Purpose: Identify usability problems, discover opportunities for improvement, and learn about user behavior and preferences.
When to use:
- Before development (testing prototypes)
- During development (iterative testing)
- After launch (validation and optimization)
- Before major redesigns
The Five Usability Quality Components (Jakob Nielsen)
- Learnability: How easy is it for users to accomplish basic tasks the first time?
- Efficiency: How quickly can users perform tasks once they've learned the design?
- Memorability: Can users remember how to use it after time away?
- Errors: How many errors do users make, how severe, and how easily can they recover?

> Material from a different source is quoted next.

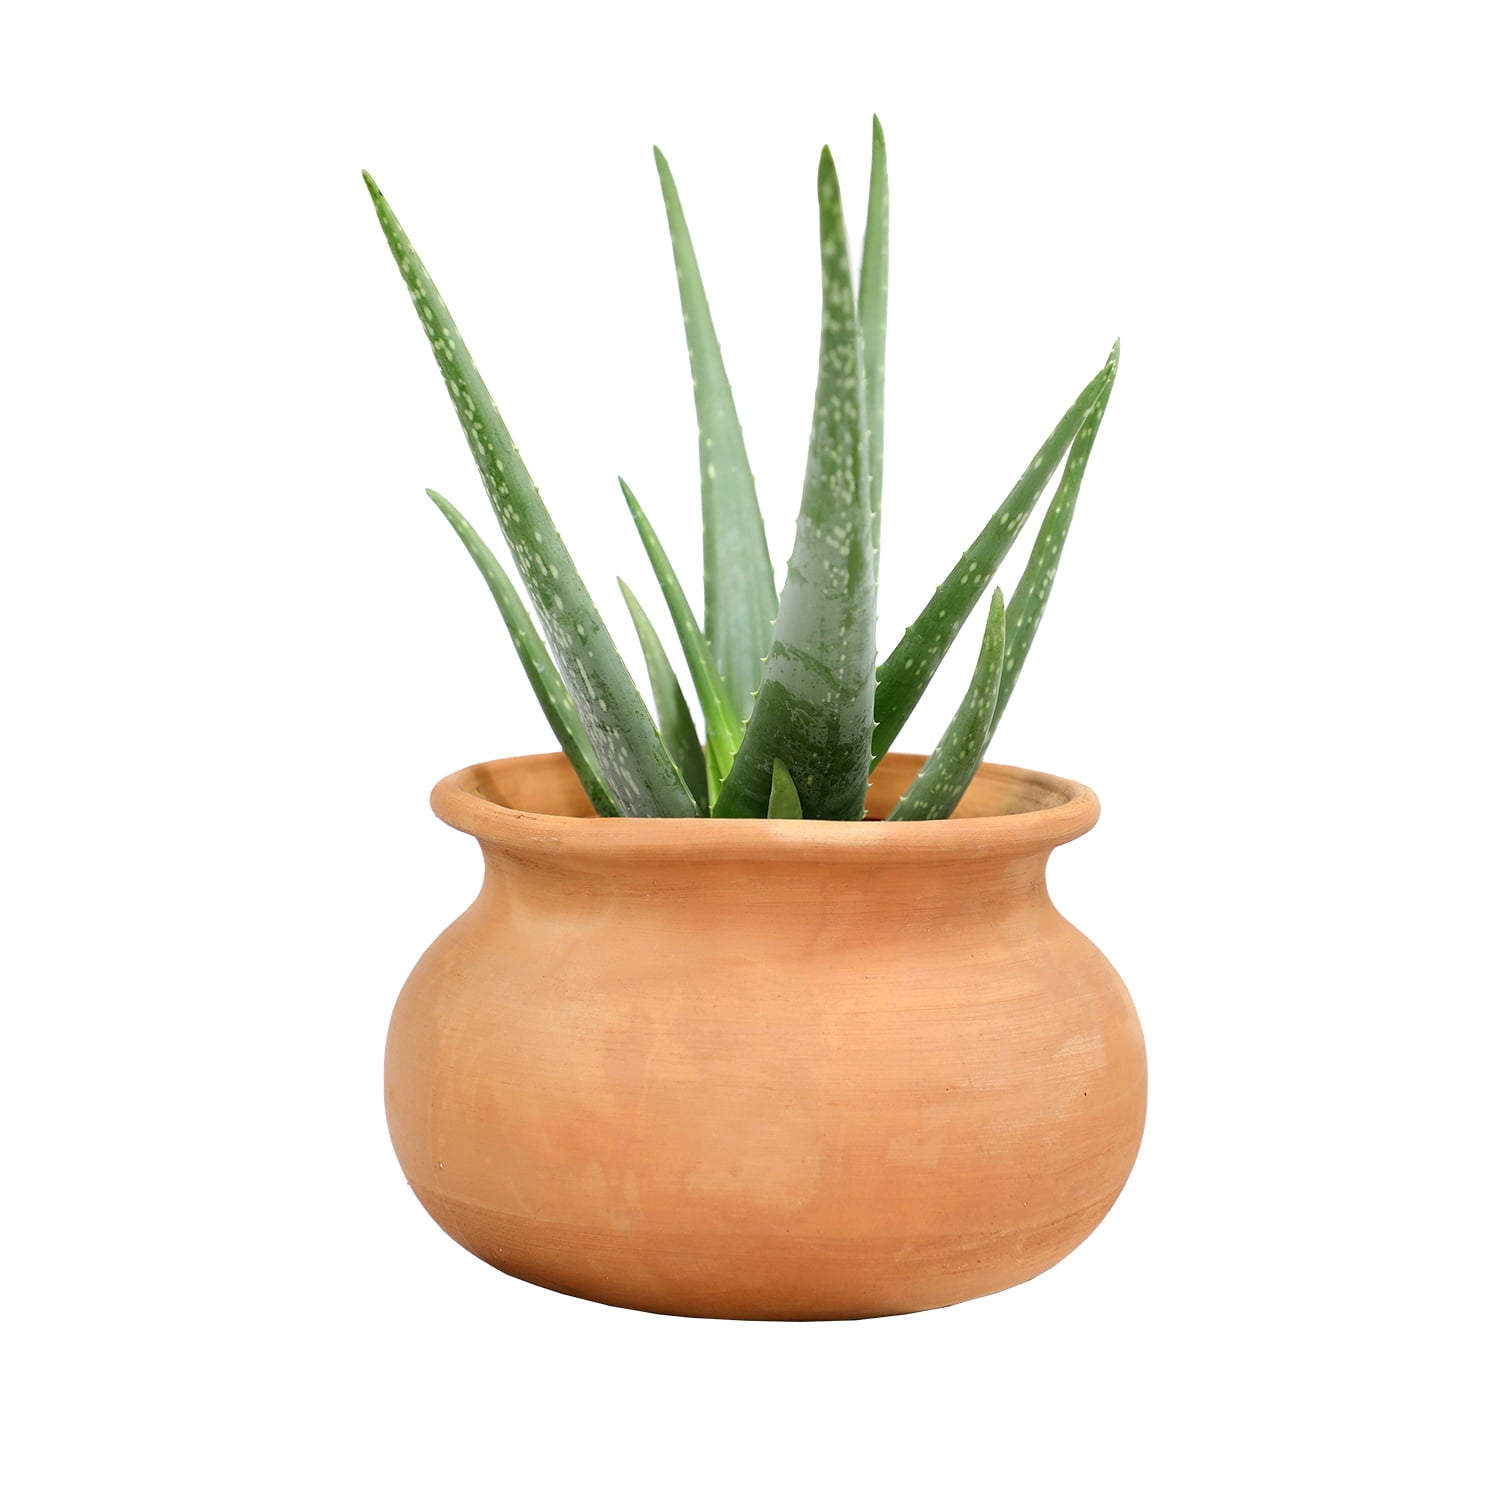 Element by Altman Plants Aloe Vera Succulent ， Live Indoor House Plant with Grower Pot， 6 Inch
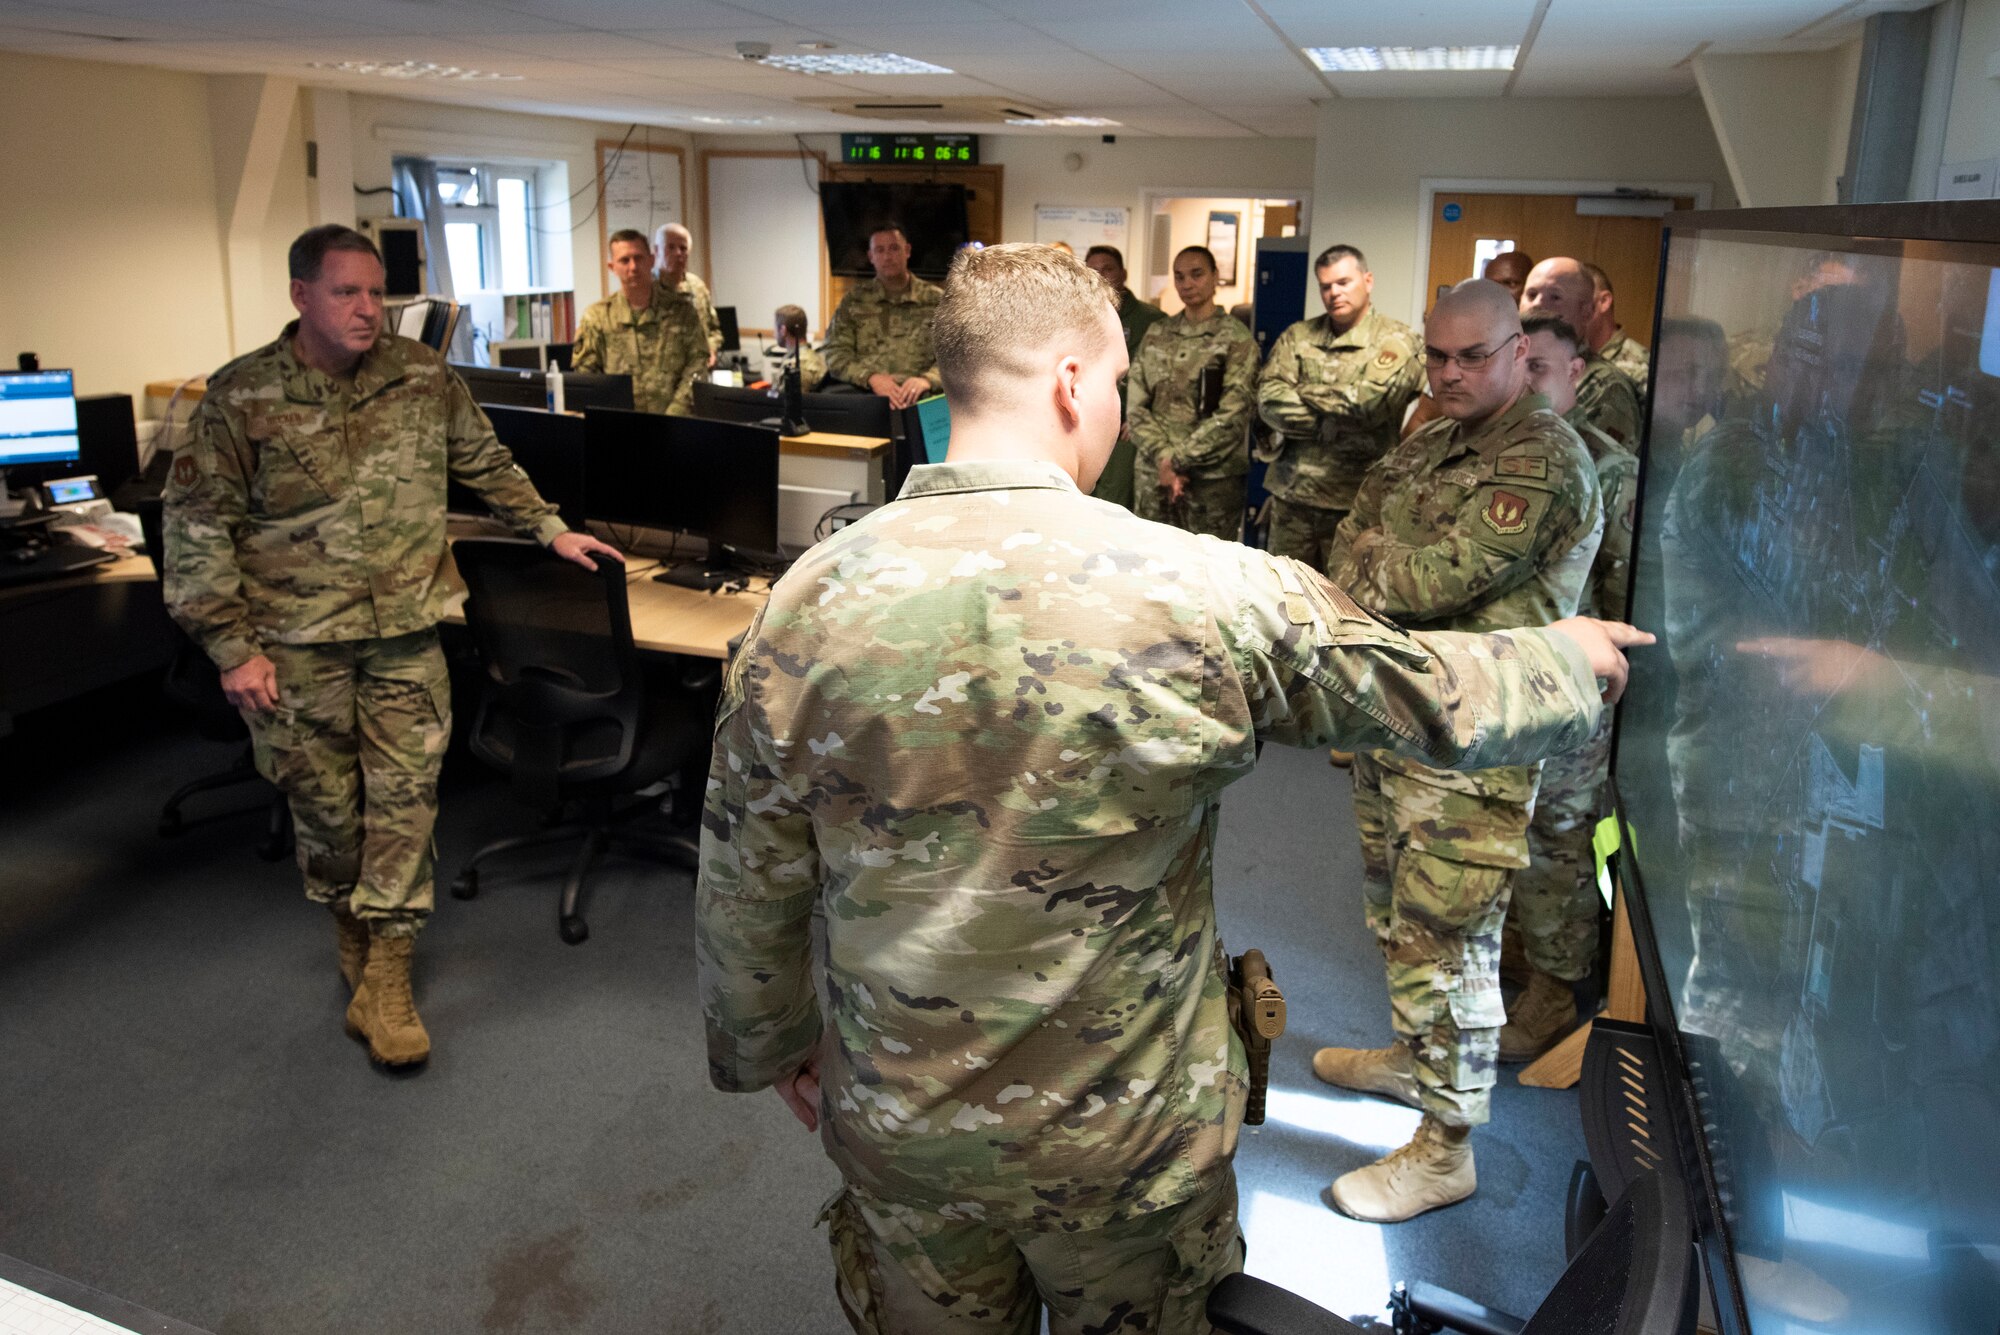 U.S. Air Force Staff Sgt. Bryson Carte, right, 420th Air Base Squadron security forces base defense operations center controller, briefs Gen. James B. Hecker, left, U.S. Air Forces in Europe and Air Forces Africa commander, about base security at Royal Air Force Fairford, England, July, 18, 2022. During his first visit to the 501st Combat Support Wing as the USAFE-AFAFRICA commander, Hecker met with several Airmen and received briefings about the wing’s mission and capabilities. (U.S. Air Force photo by Senior Airman Jennifer Zima)

- Satisfaction: How pleasant is it to use the design?
Usability Testing Methodologies
1. Moderated Testing
Setup: Researcher guides participants through tasks in real-time Location: In-person or remote (video call)
Best for:
- Early-stage prototypes needing clarification
- Complex products requiring guidance
- Exploring "why" behind user behavior
- Uncovering emotional reactions
Process:
- Welcome and set expectations
- Pre-task questions (background, experience)
- Task scenarios with think-aloud protocol
- Post-task questions and discussion
- Wrap-up and thank you
Advantages:
- Rich qualitative insights
- Can probe deeper into issues
- Observe non-verbal cues
- Clarify misunderstandings immediately
Limitations:
- More time-intensive (30-60 min per session)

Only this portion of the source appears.